• Covid-19 placing significant pressure on supply chain network
  • Trusts keeping roll cages beyond 48 hours adds to the strain, procurement body warns
  • Using roll cages for laundry risks cross-contamination
  • Orders for some personal protective equipment and hand sanitiser restricted

Trust staff must stop using delivery cages to move laundry “immediately,” as it puts strain on delivery operations and risks cross-contamination, a national procurement body has warned.

NHS Supply Chain, which procures common consumables and medical devices for providers, told HSJ trusts had more than 2,800 of its roll cages — nearly 8 per cent of the total — at the end of last week.

Director of supply chain Chris Holmes and director of customer engagement Stephen Foulser told customers: “The high volume of orders we are currently receiving is placing operational pressures on our service capability, around the availability and utilisation of our roll cages.

“Rather than all cages being taken to wards and emptied for our retrieval within 48 hours, large numbers are being held in hospital stores. These need to be released urgently.

“Our cages continue to be utilised by trust employees or contractors for movement of used bed linen.
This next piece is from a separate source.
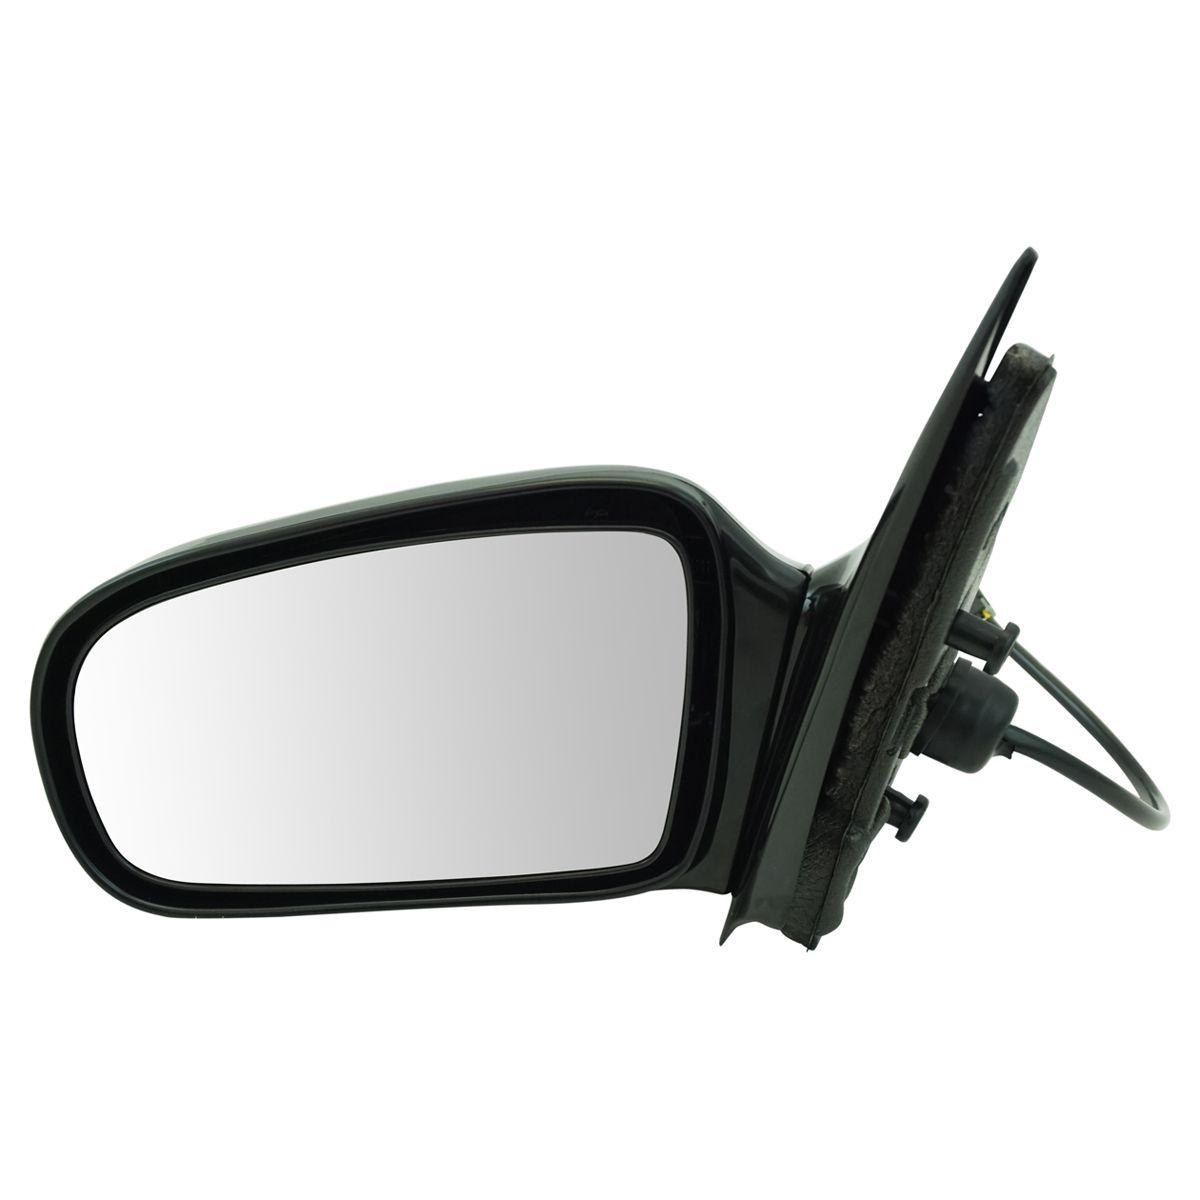 Manual Remote Side View Mirror Driver Left LH for 95-05 Cavalier Sunfire Sedan

The cages are then collected by laundry operators to end up in their network from which it is difficult to retrieve them.

“Given the heightened risk of cross contamination from covid-19 this practice needs to cease immediately.”
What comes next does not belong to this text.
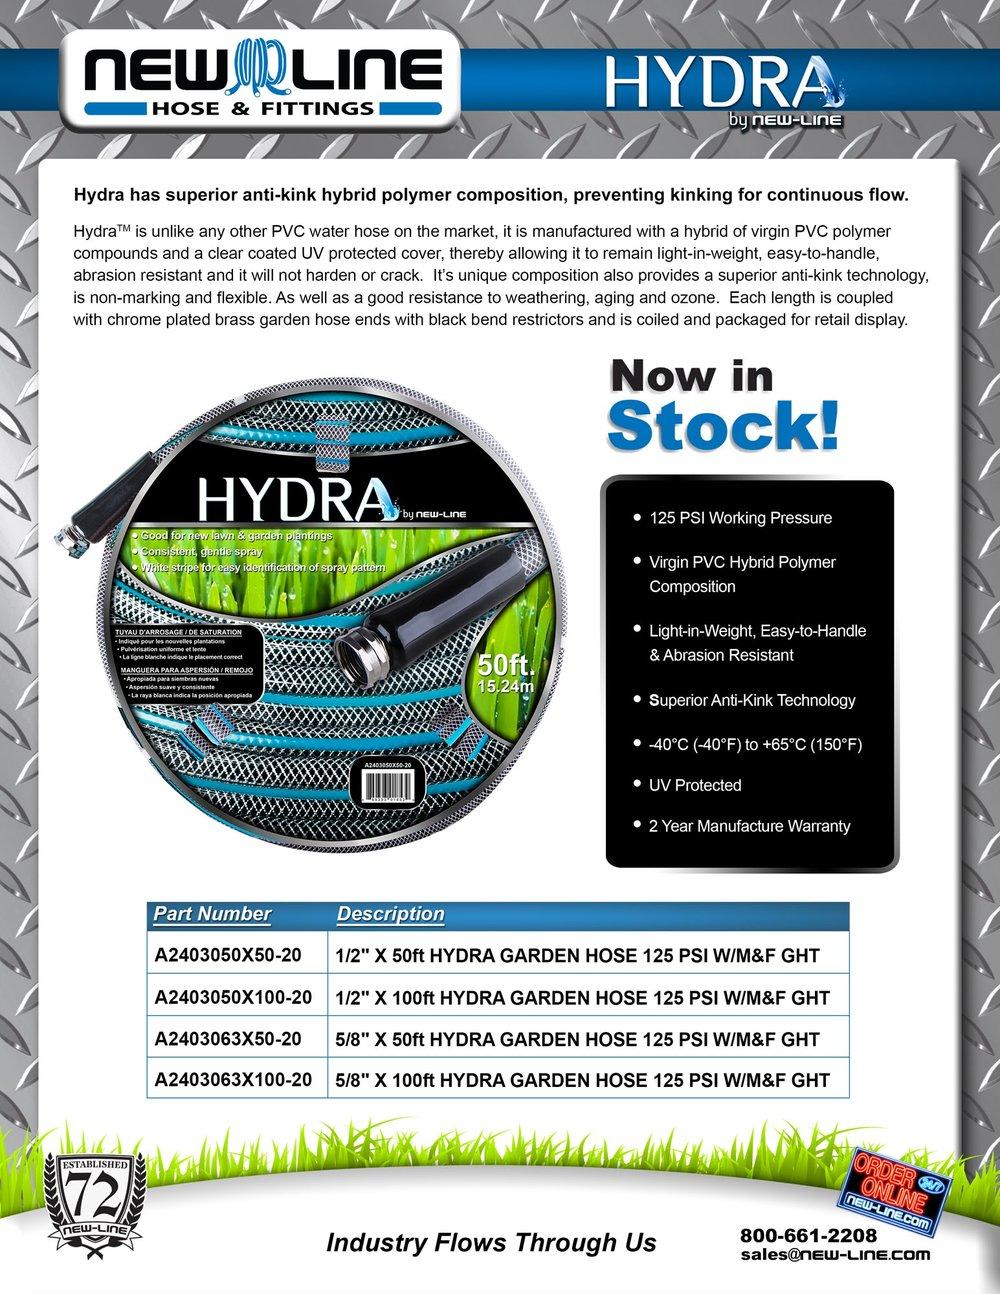 Hydra-Promo-Flyer-NO-PRICING---Apr-13-15.jpg

NHS Supply Chain roll cage figures for the network for week ending 13 March:

Cages delivered: 35,674

Cages back: 32,838

Cages retained or migrated to laundry network: 2,836 (7.95 per cent)

An NHS Supply Chain spokeswoman told HSJ: “Prompt returns of cages are essential to our operation and trusts should ensure none are used to store contingency supplies or laundry and that all cages are returned as soon as they are emptied.

“We are asking customers to please conduct regular sweeps of their sites to get cages back to the delivery points for collection and advise customer services of any awaiting collection.”

NHSSC and the Department of Health and Social Care are currently limiting orders for several lines of personal protective equipment and hand sanitiser to “maintain continuity of supply.” Some product lines, such as certain polymer aprons, are currently unavailable for order due to supply issues in China — the original epicentre of the covid-19 outbreak.

NHSSC and the DHSC began distributing masks from national stockpiles last week, noting trusts may receive different products than normal and that the masks would require fit-testing.

Some NHS procurement leaders have shared concerns with HSJ over the number of masks and hand sanitiser products being delivered to individual trusts. A national planning letter released Tuesday said enough PPE stocks were available nationally, but noted some trusts had reported distribution issues.